Grâce aux évolutions récentes de la technologie, la manière dont les gens passent le temps a radicalement changé. Les magazines posés dans les salles d’attente des médecins ne sont guère plus ouverts. Vous n’avez plus un regard pour vos voisins dans une file d’attente. Entre les smartphones, les tablettes et les liseuses, notre société tue chaque seconde d’ennui en un effleurement d’écran. La part de propriétaires de smartphone est en pleine croissance, et près de la moitié d’entre eux disent utiliser leur téléphone pour se distraire quand ils s’ennuient (moitié à laquelle il faudrait ajouter ceux qui, quand ils s’ennuient, se livrent à des activités moins divertissantes comme écrire des textos ou consulter des mails).

Tout cela fait sens, selon les chercheurs. Caresser son téléphone du doigt répond, disent-ils, à un besoin fondamental de l’être humain : tuer l’ennui par tous les moyens possibles. Christophe Lynn (blog, @chris_ly), professeur d’anthropologie à l’Université d’Alabama, compare ce geste au fait de fumer une cigarette. Les deux peuvent être selon lui des « pivots », « des choses qui nous transportent très vite de la monotonie de la vie quotidienne vers un monde de jeu non programmé ». Avec la possibilité qu’ils offrent de jouer, d’écouter de la musique, de regarder des vidéos, d’aller sur les réseaux sociaux et d’envoyer des textos, les smartphones sur-stimulent le désir qu’ont les êtres humains de jouer, dès que leur environnement se ternit, ajoute l’anthropologue. Et il pense que la société contemporaine pourrait encore renforcer ce désir. « Quand vous êtes habitués à une stimulation constante, dès qu’elle vous manque, vous ne savez plus quoi faire de vous-mêmes, ajoute le chercheur. Quand vous êtes habitués à ne plus avoir aucun temps mort, tout vide produit de l’angoisse. Et là, nous avons le smartphone, il est le perpétuel soulagement à nos angoisses. » »

Si nos téléphones sont si efficaces pour répondre à un désir ancestral, est-ce forcément une bonne chose ? se demande le journaliste de CNN.

A Oxford, au Centre de recherche sur les questions sociales (@socialissues), des chercheurs craignent que cela ne le soit pas.
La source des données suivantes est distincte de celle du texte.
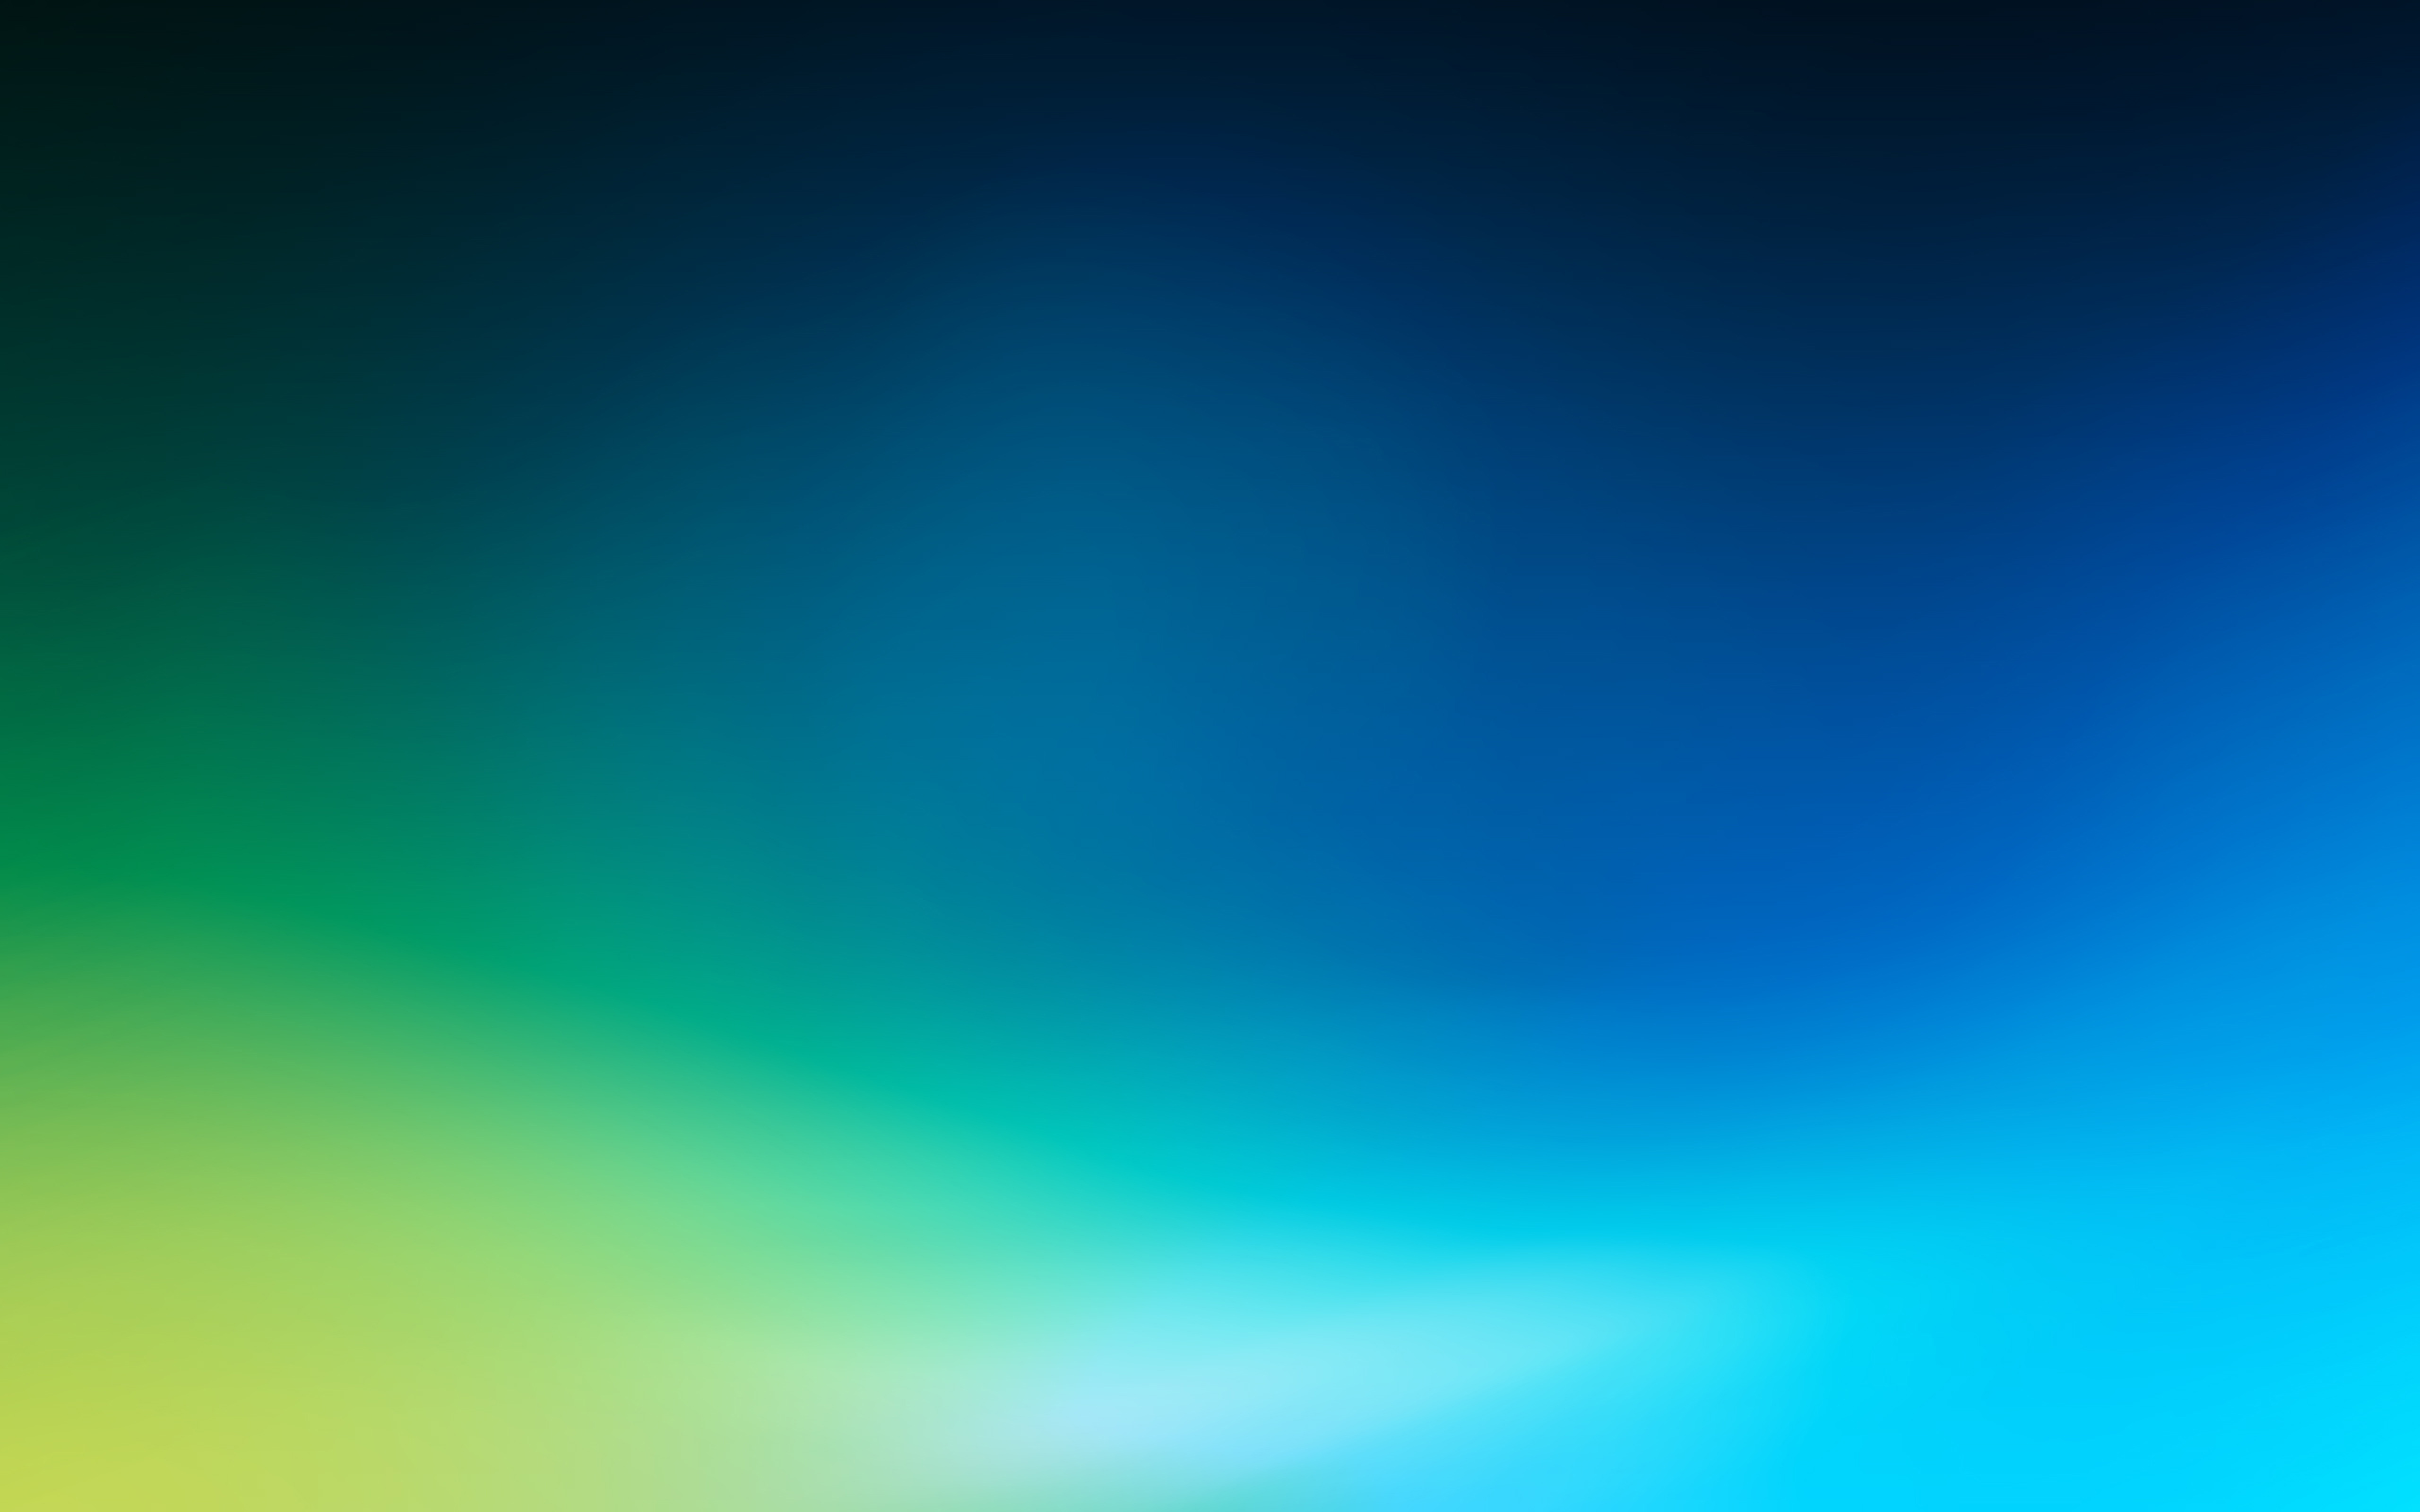 BL enjoyable by nanatrex, relaxation, relax, wallpaper, abstract, digital art, simple, blur

Selon eux, remplir toutes les secondes de notre temps en fixant notre téléphone risque de nous priver de la créativité et autres fruits qui, jusqu’ici, ont caractérisé notre confrontation à l’ennui, expliquent-ils dans « Le désir des désirs » :

« La surcharge informationnelle restreint considérablement le temps alloué à la réflexion personnelle, à la pensée, ou simplement à la digression mentale, écrivent les chercheurs anglais. Avec un téléphone portable continuellement allumé et une pléthore de distractions possibles pour l’œil, il est compréhensible que certains trouvent difficile de s’ennuyer de manière introspective. »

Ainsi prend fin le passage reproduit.